Abstract:Recent studies have highlighted the issue of stereotypical depictions for people of different identity groups in Text-to-Image (T2I) model generations. However, these existing approaches have several key limitations, including a noticeable lack of coverage of global identity groups in their evaluation, and the range of their associated stereotypes. Additionally, they often lack a critical distinction between inherently visual stereotypes, such as `underweight' or `sombrero', and culturally dependent stereotypes like `attractive' or `terrorist'. In this work, we address these limitations with a multifaceted approach that leverages existing textual resources to ground our evaluation of geo-cultural stereotypes in the generated images from T2I models.
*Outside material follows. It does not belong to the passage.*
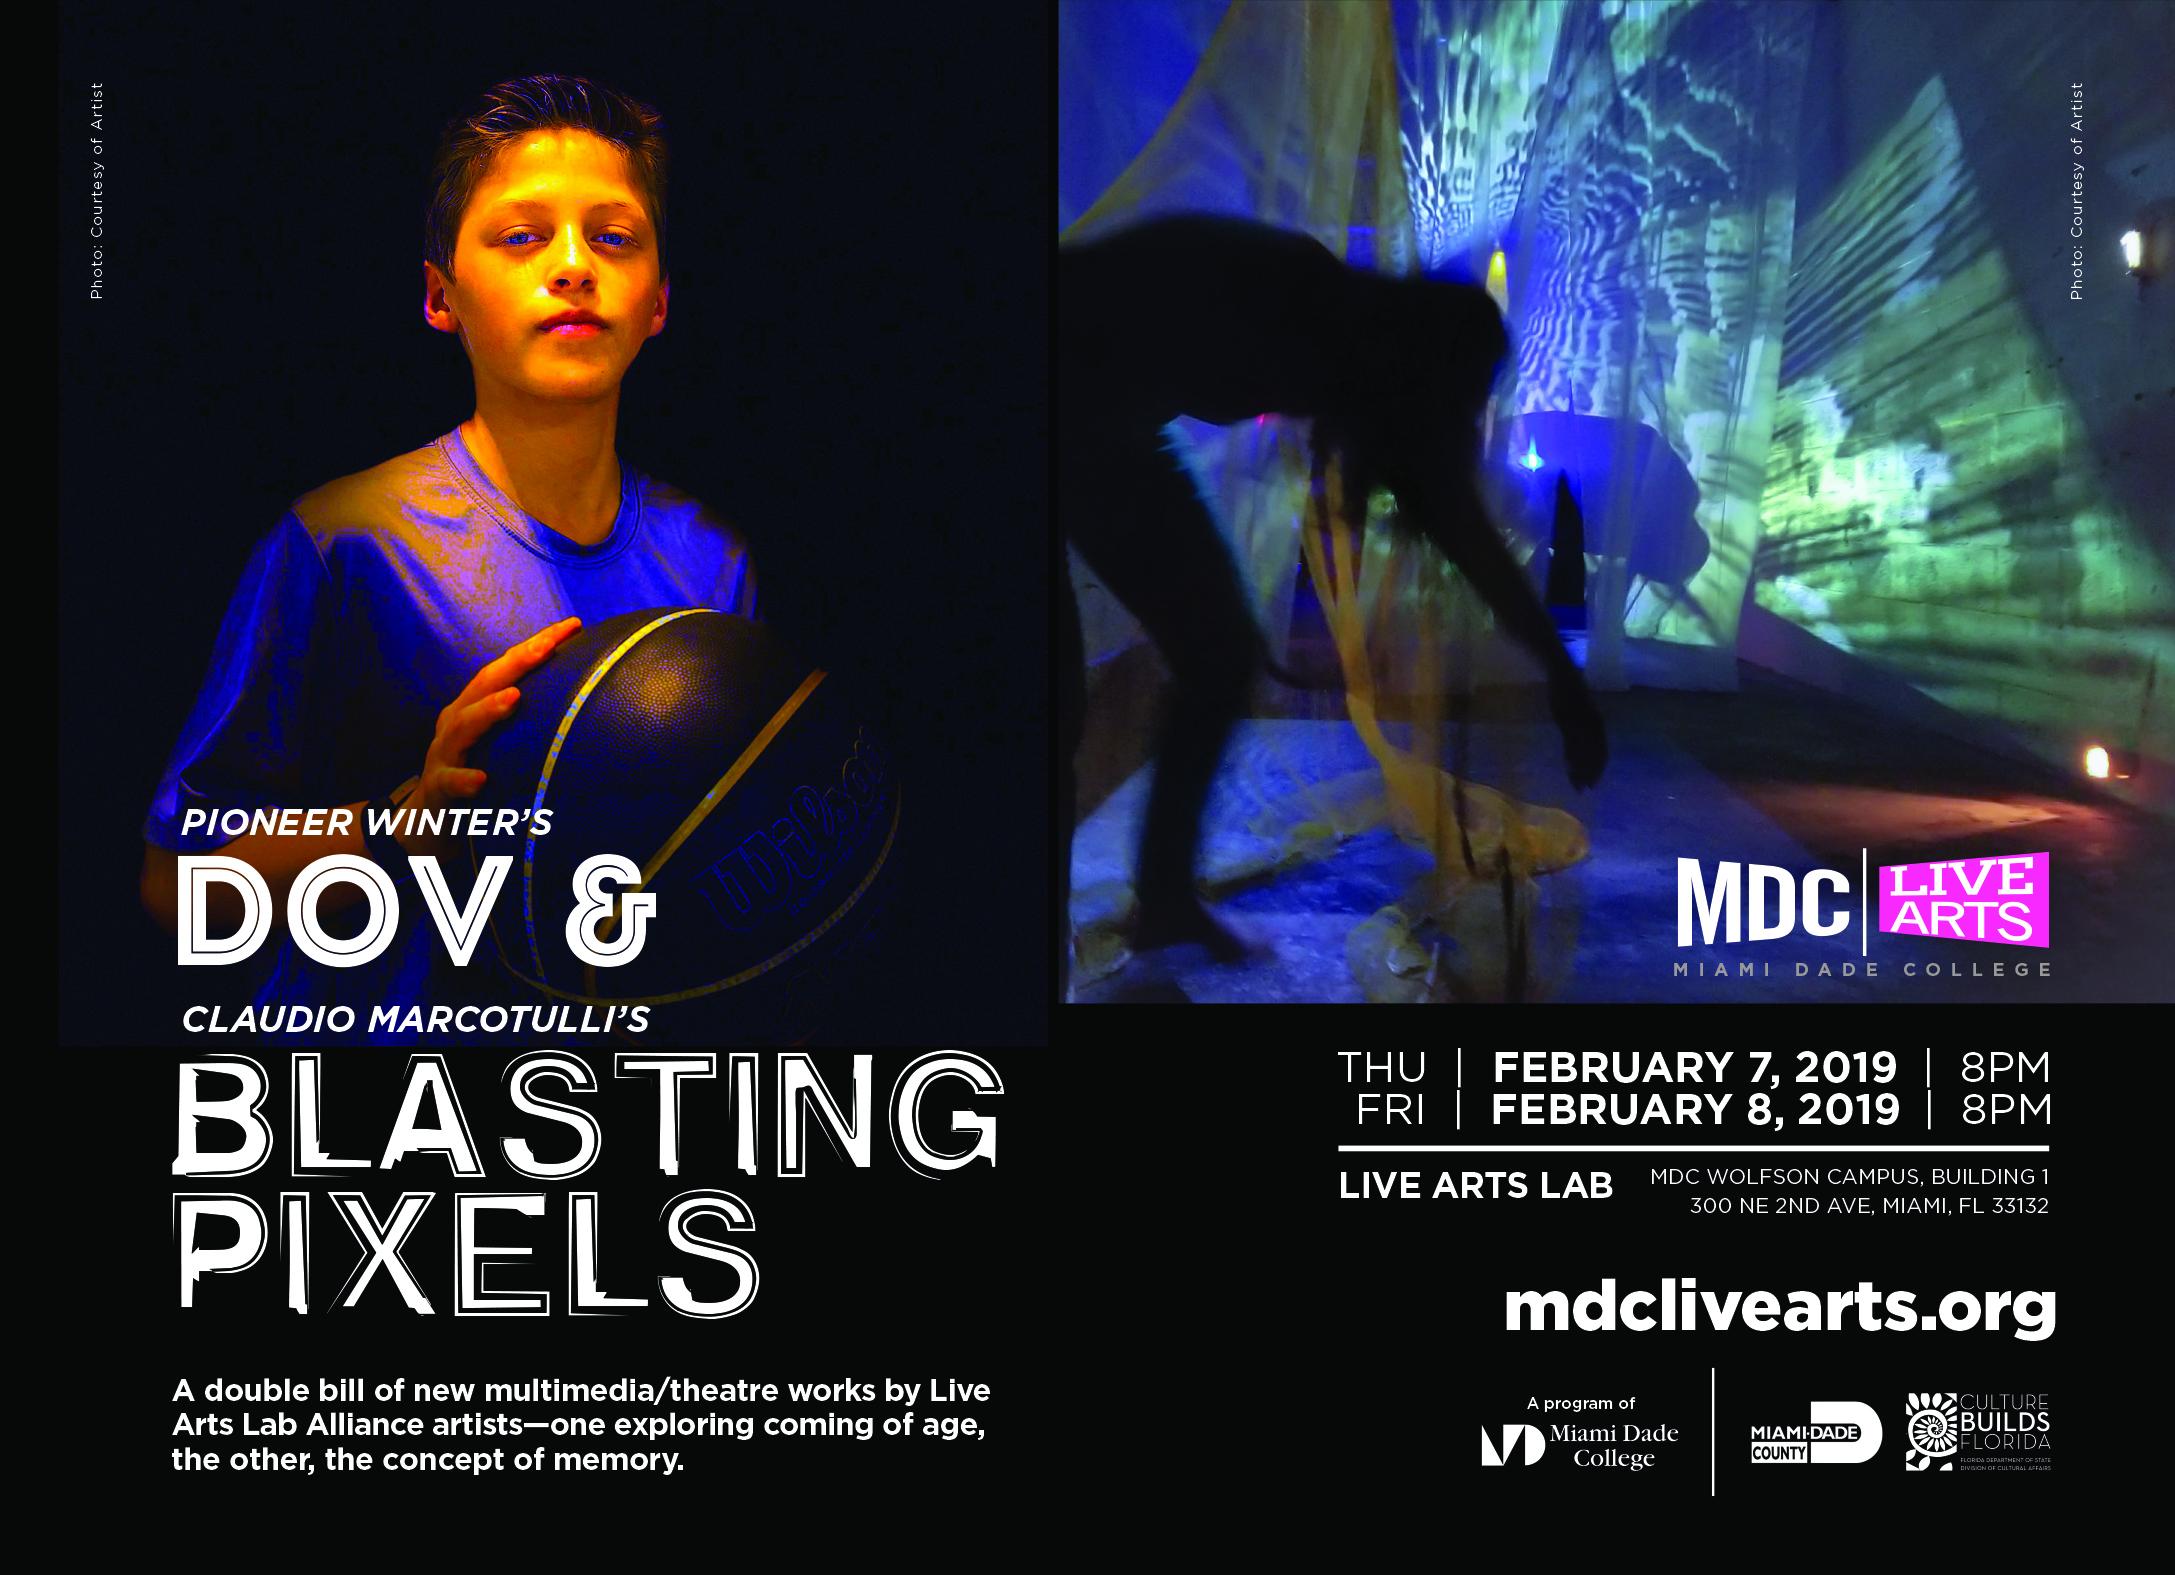 mdcla_PC_7X5_DOV-BLASTINGPIXELS[5]-1.jpg

We employ existing stereotype benchmarks to identify and evaluate visual stereotypes at a global scale, spanning 135 nationality-based identity groups. We demonstrate that stereotypical attributes are thrice as likely to be present in images of these identities as compared to other attributes. We further investigate how disparately offensive the depictions of generated images are for different nationalities. Finally, through a detailed case study, we reveal how the 'default' representations of all identity groups have a stereotypical appearance. Moreover, for the Global South, images across different attributes are visually similar, even when explicitly prompted otherwise. CONTENT WARNING: Some examples may contain offensive stereotypes.